NVIDIA also added Apache Arrow, a columnar in-memory database. This is because GPUs operate on vectors, and as a result favor a columnar layout in memory.

By leveraging Apache arrow as a “central database”, NVIDIA avoids a lot of overhead.

Making sure that there are GPU accelerated versions of the typical Python libraries such as Sci-Kit and Pandas is one step in right direction. But Pandas is only suited for the lighter “data science exploration” tasks.

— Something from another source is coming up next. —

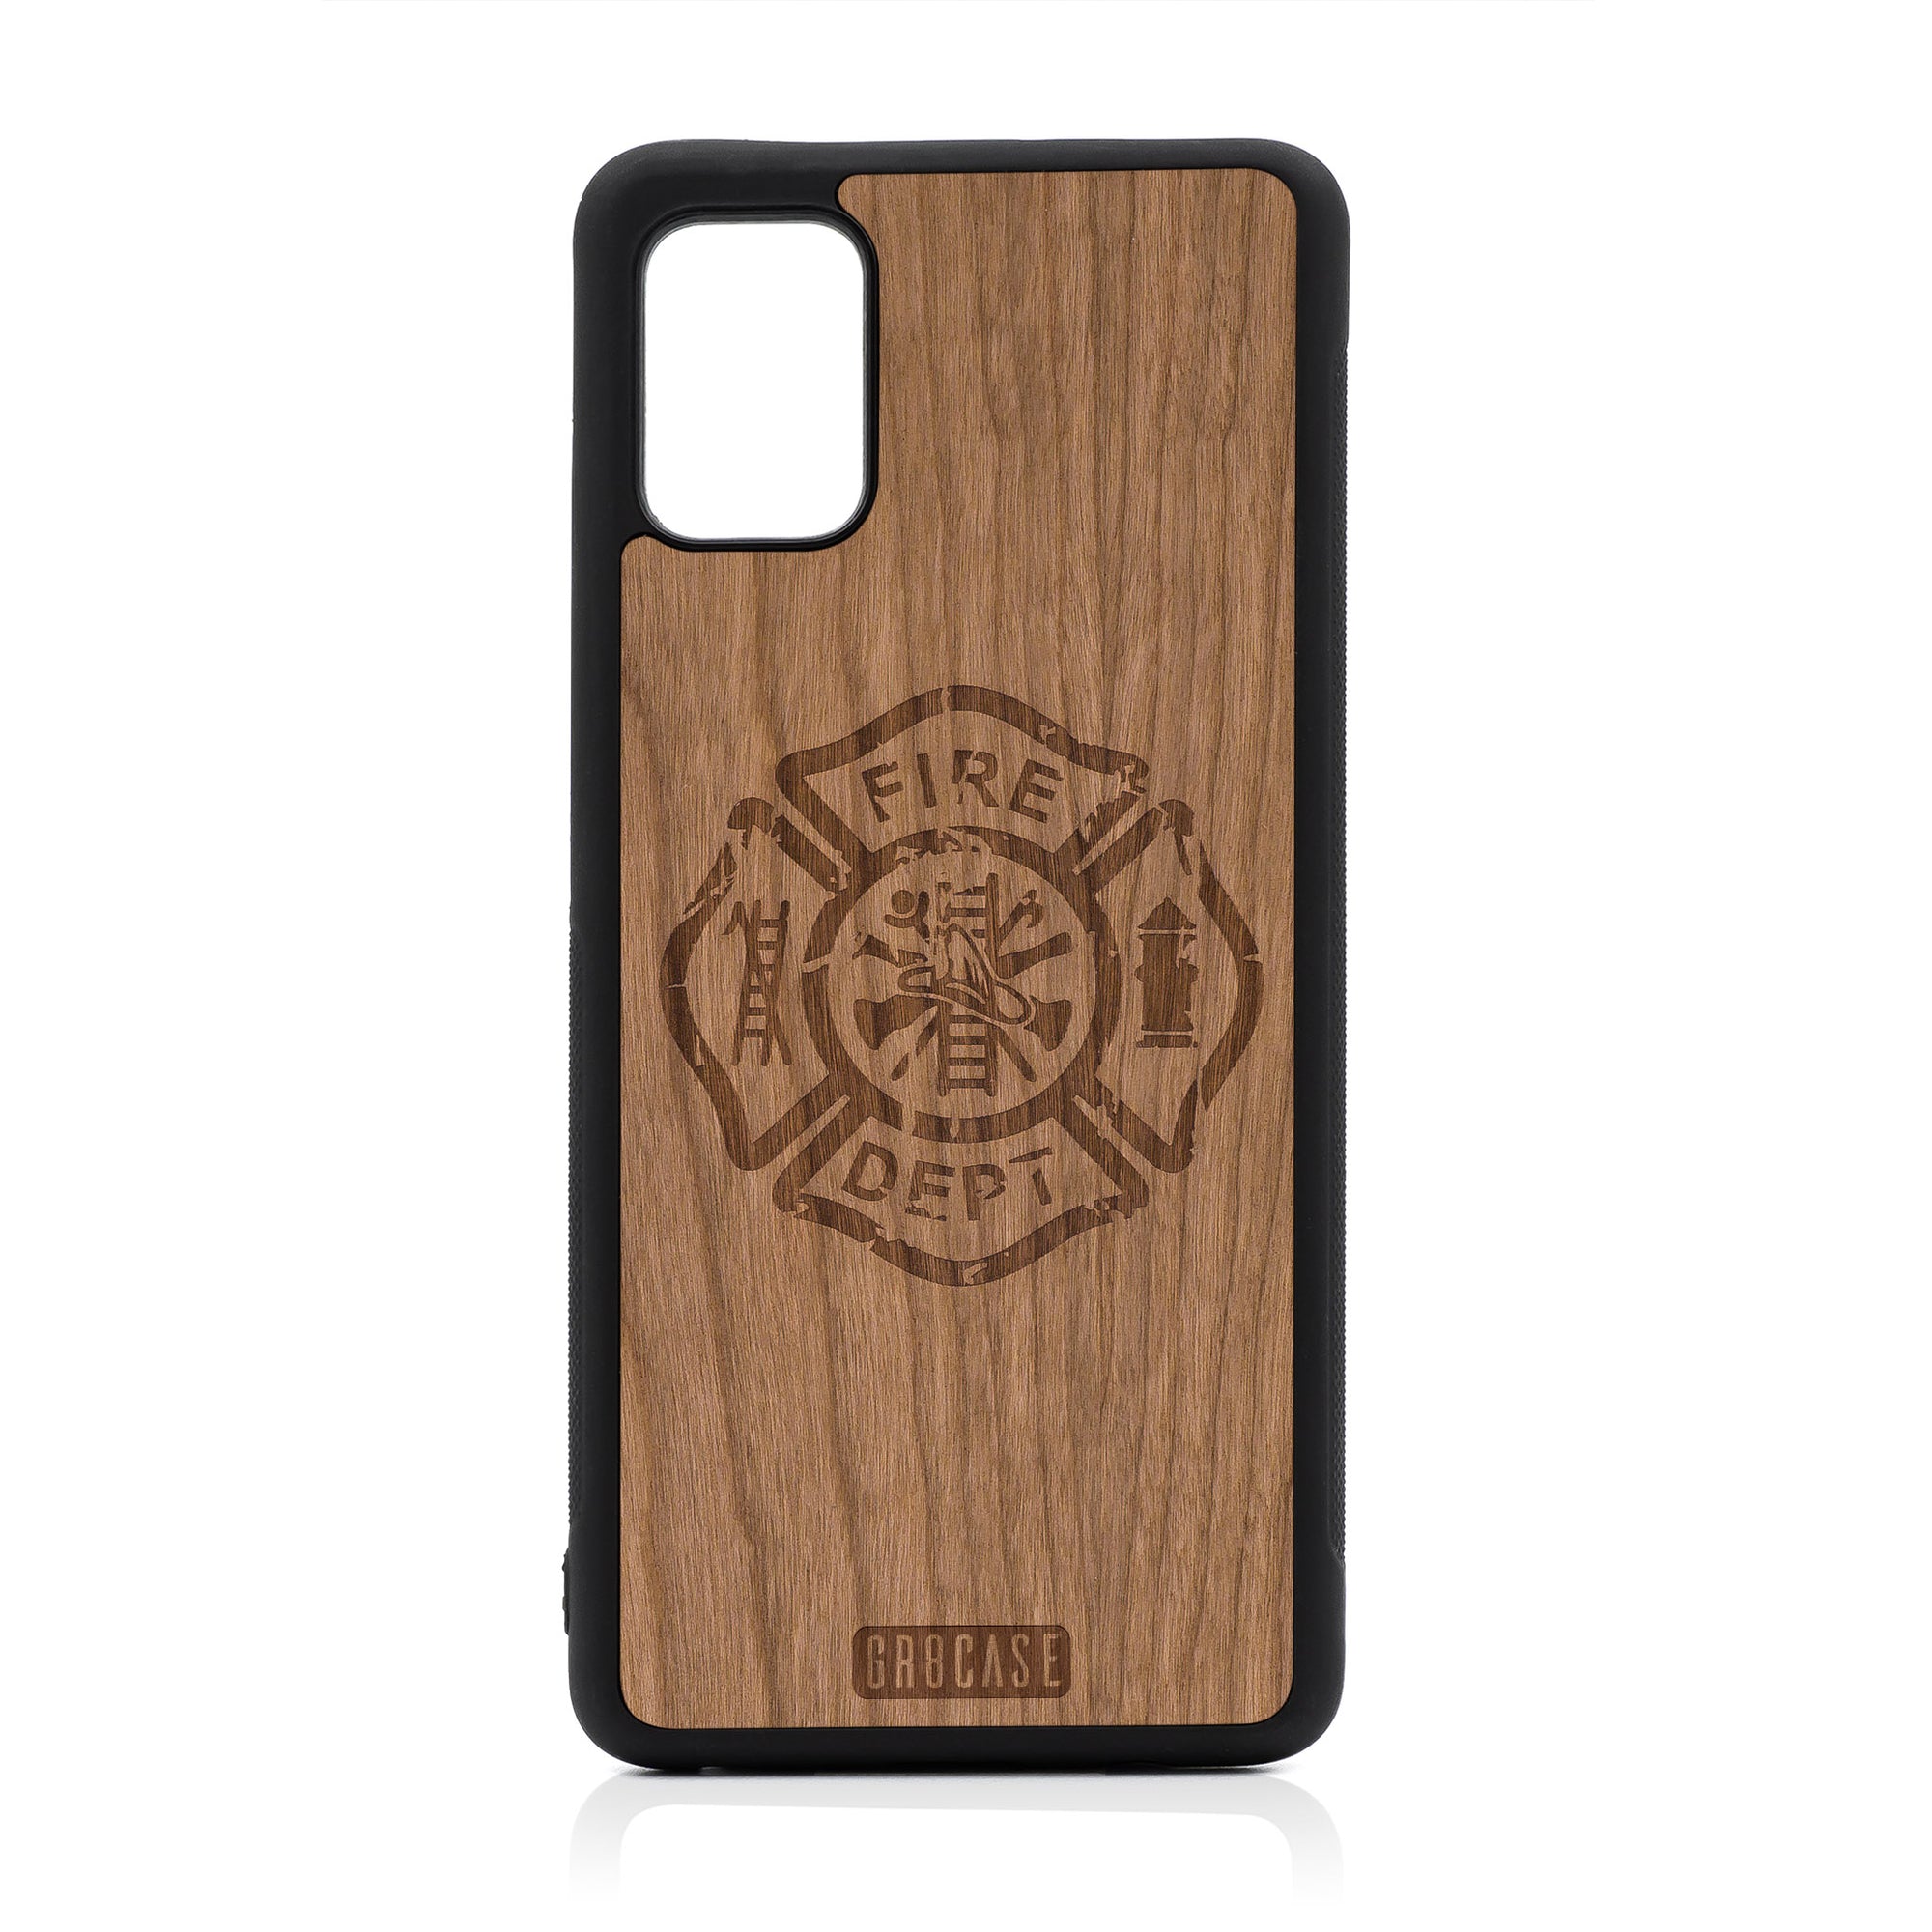 Fire Department Design Wood Case For Samsung Galaxy A51-5G

By working with Databricks to make sure that RAPIDS is also used in the heavy duty, distributed “data processing” framework Spark, NVIDIA is taking the next step, breaking out of the "Deep learning mostly" role and towards "NVIDIA in the rest of the data pipeline".

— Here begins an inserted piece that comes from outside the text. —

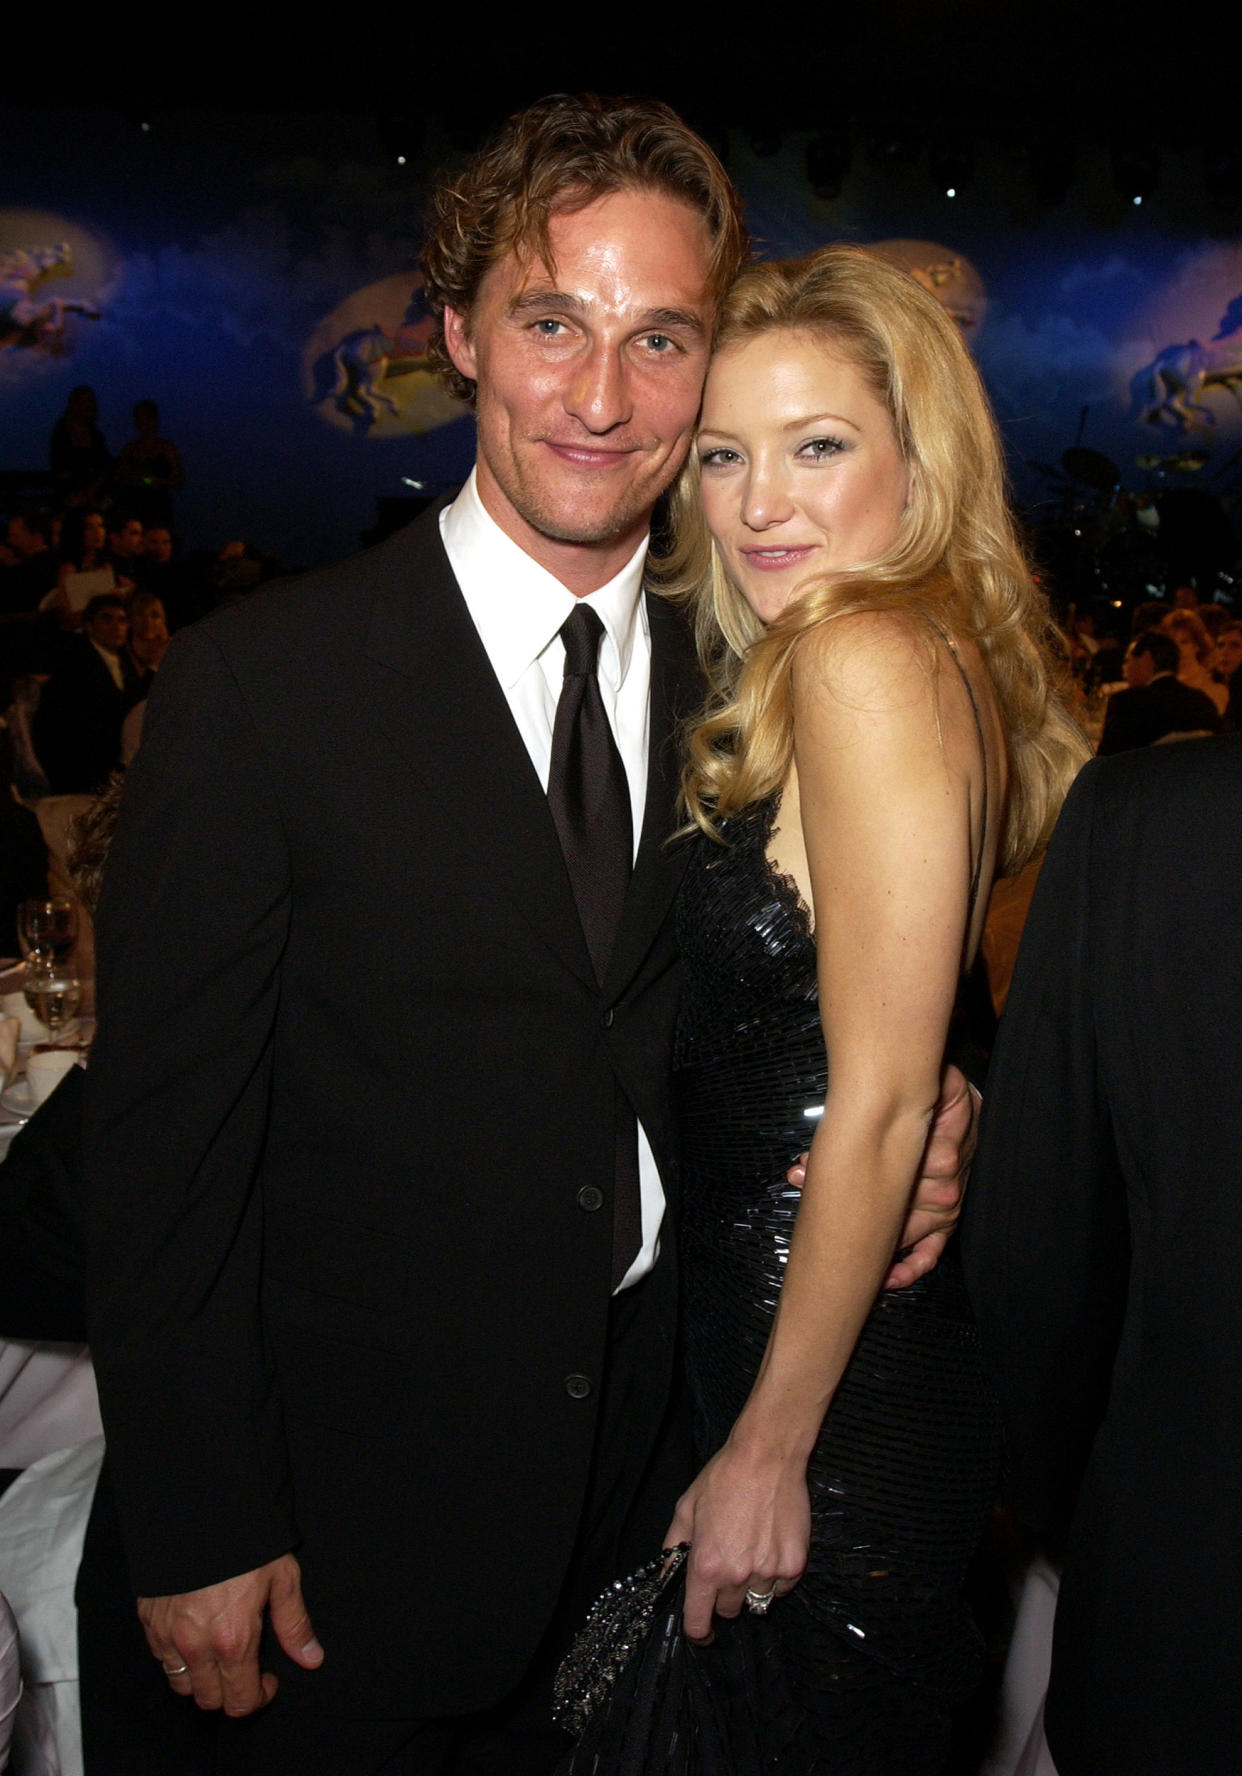 Matthew McConaughey and Kate Hudson at The 15th Carousel Of Hope Ball  on Oct. 15, 2002. (Michael Caulfield Archive / WireImage)

However, the devil is in the details. Adding GPUs to a framework that has been optimized for years to make optimal use of CPU cores and the massive amounts of RAM available in servers is not easy. Spark is built to run on a few tens of powerful server cores, not thousands of wimpy GPU cores. Spark has been optimized to run on clusters of server nodes, making it seem like one big lump of RAM memory and cores. Mixing two kinds of memory – RAM and GPU VRAM – and keeping the distributed compute nature of Spark intact will not be easy.

Secondly, cherry picking the most GPU-friendly machine learning algorithms is one thing, but making sure most of them run fine in GPU-based machine is another thing. Lastly, GPUs will still have less memory than CPUs for the foreseeable future; and even coherent platforms won’t solve the problem that system RAM is a fraction of the speed of local VRAM

Intel’s View on AI: Do What NV Doesn't Who Will Win the Next Enterprise Market?
Comments Locked

56 Comments

View All Comments

  • ballsystemlord - Saturday, August 3, 2019 - link

    Spelling and grammar errors:

    "But it will have a impact on total energy consumption, which we will discuss."
    "An" not "a":
    "But it will have an impact on total energy consumption, which we will discuss."

    "We our newest servers into virtual clusters to make better use of all those core."
    Missing "s" and missing word. I guessed "combine".
    "We combine our newest servers into virtual clusters to make better use of all those cores."

    "For reasons unknown to us, we could get our 2.7 GHz 8280 to perform much better than the 2.1 GHz Xeon 8176."
    The 8280 is only slightly faster in the table than the 8176. It is the 8180 that is missing from the table.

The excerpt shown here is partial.